I don't mention it here very often. It's still on and is imminently close. But I don't mention it here because I don't want it to permeate EVERY part of my life.
But it does. I can't fight it. It effects my choice of clothing for work (what do I have left in my closet), my grocery shopping trips (will we eat this all?) and my conversations. It is hard - it is exhausting and emotionally gruelling.
But that's ok. It is part of the deal and we knew that going in. I am trying to make it part of the experience - knowing that every experience has good parts, bad parts and unbelievable parts.
The best part of this past week was when four amazing girls - J., Andi, Cathy and Lauren - knit me a blanket to keep me warm on Austrlian winter nights.

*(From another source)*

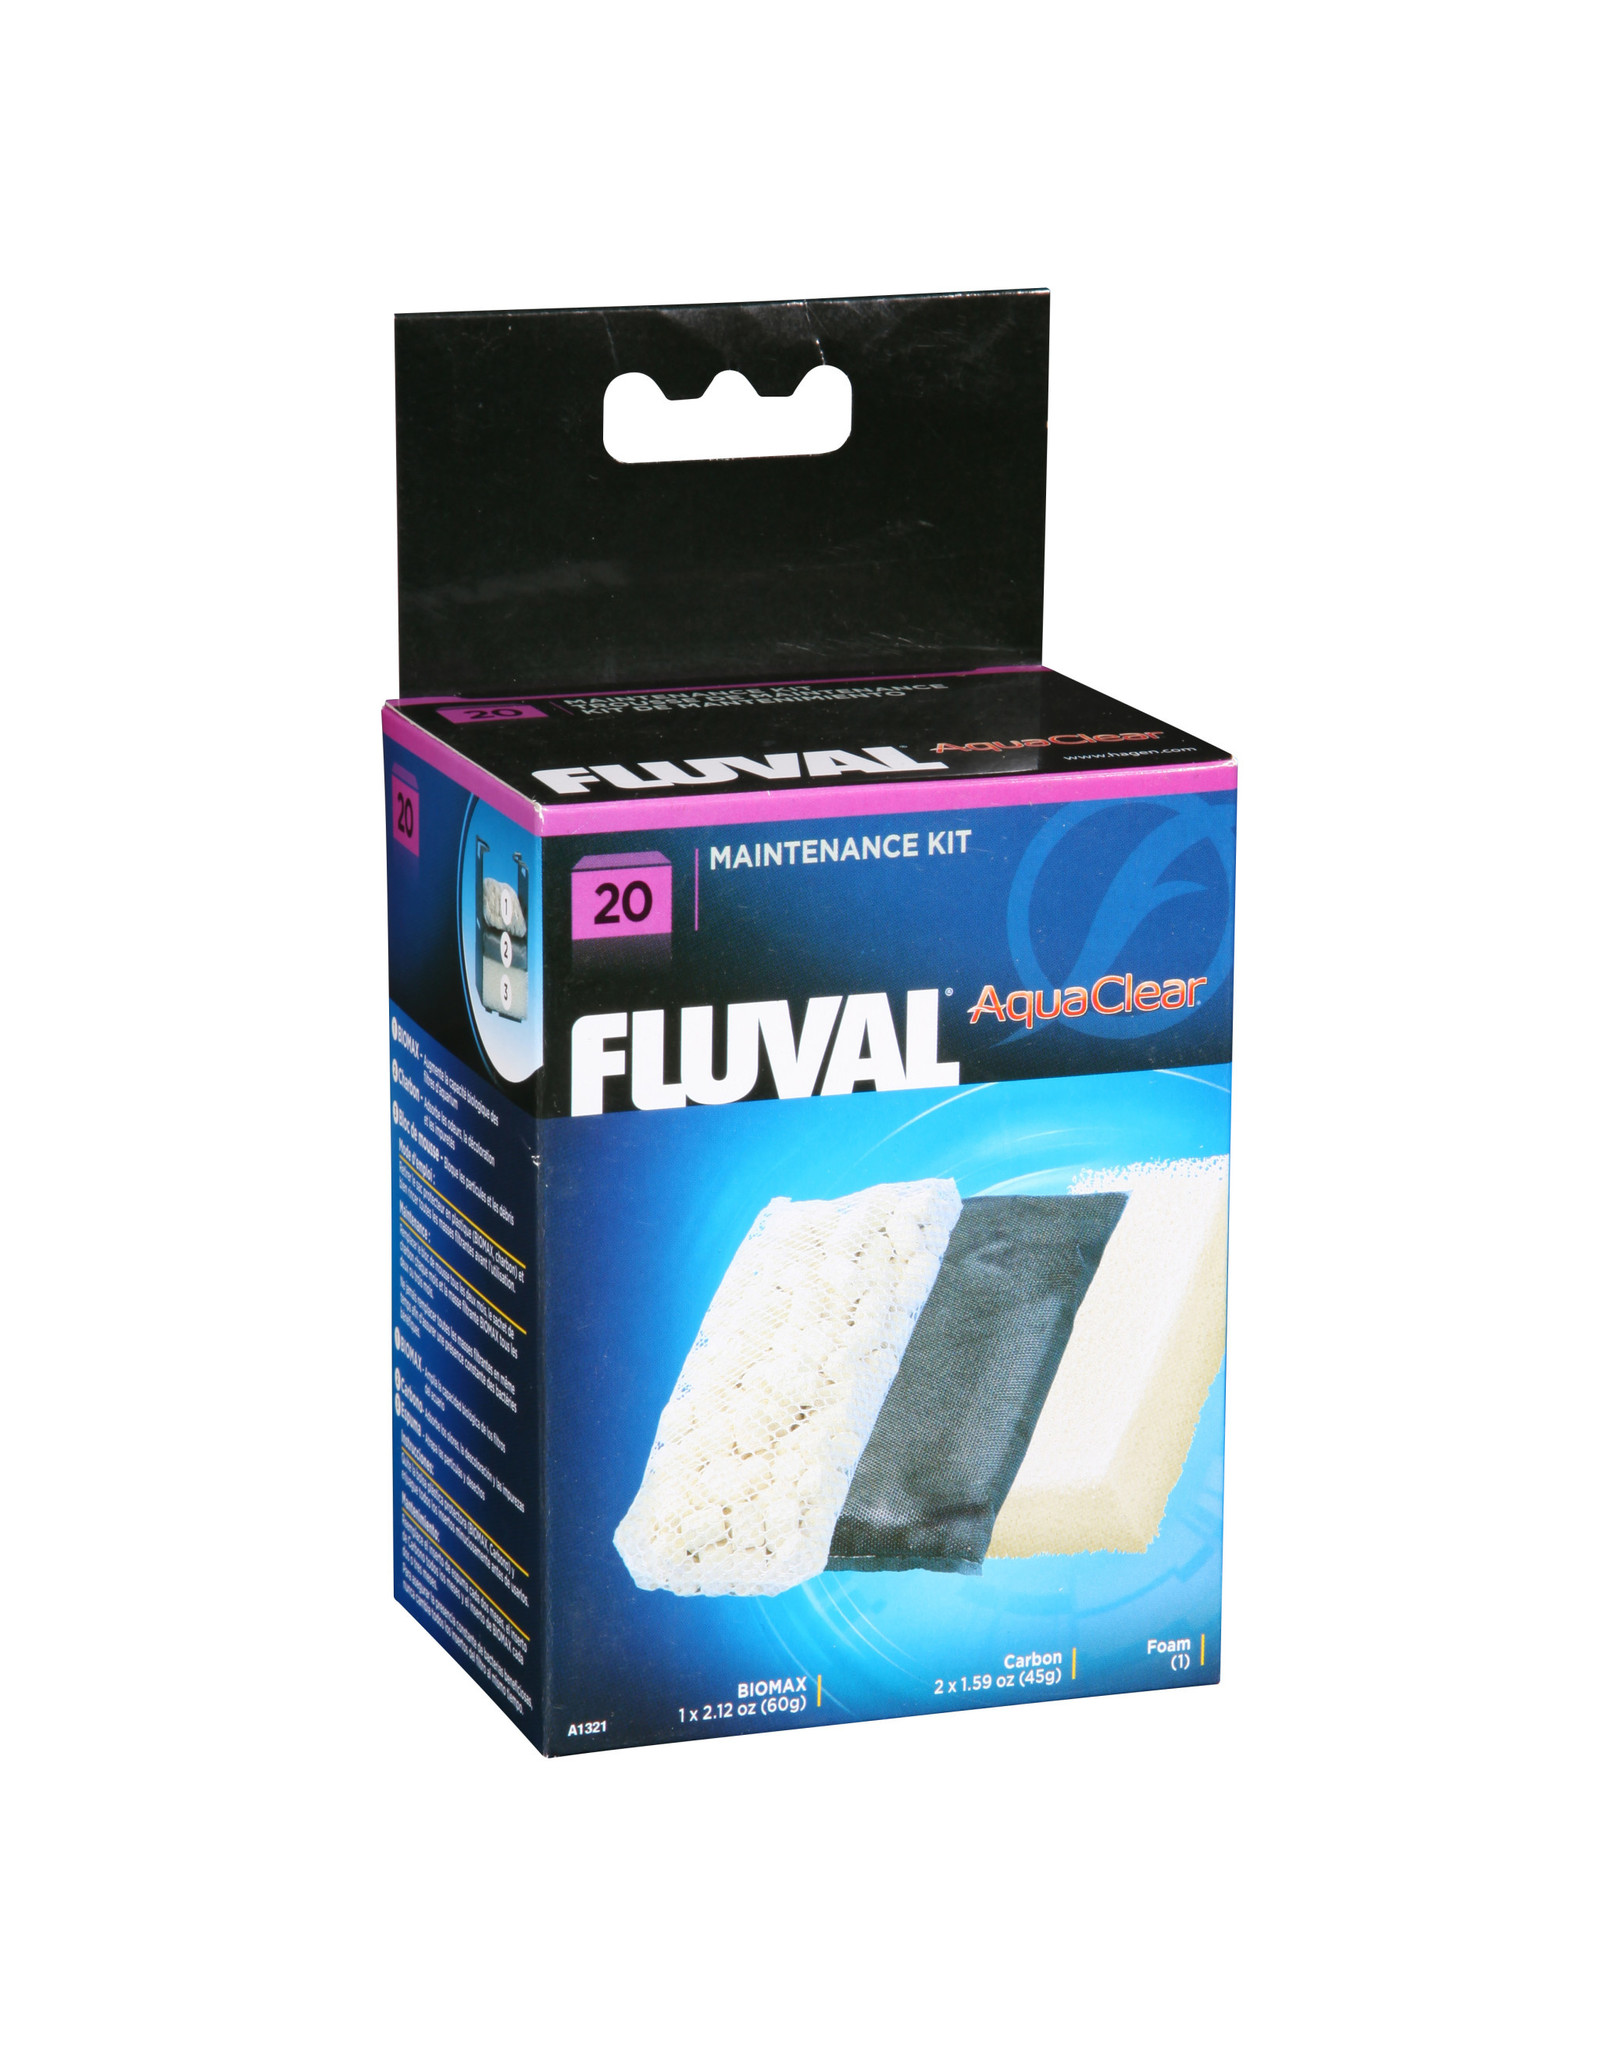 Fluval Fuval /Aquaclear 20 Filter Media Maintenance Kit

The blanket is gorgeous and knit with amazingly soft yarn, but the best part - it was made by them with love. So when I'm sitting in Perth trying not to get homesick, I can wrap this around me and think of them, and their laughter and how much they make me smile. And they will continue to do so. Computers will be warmed up and the net will be buzzing with us girls laughing online. It'll work, because we'll make it work.
5 comments:
Amen, Sister.
And thanks for not crying when we gave it to you. And thanks for not making me cry. Yet.
What a lovely comforting thing to do. And thank goodness we live in a marvelous electronic age so that its easy to keep in touch with the people you love.
Awww that sounds like a great gift.
What Jo said.
Crying moratorium! (And yes. I realize I've broken it, but I'm trying. I really am.)
That does sound like a great gift! I hope the move goes smoothly for you. Living in Australia sounds like a great adventure.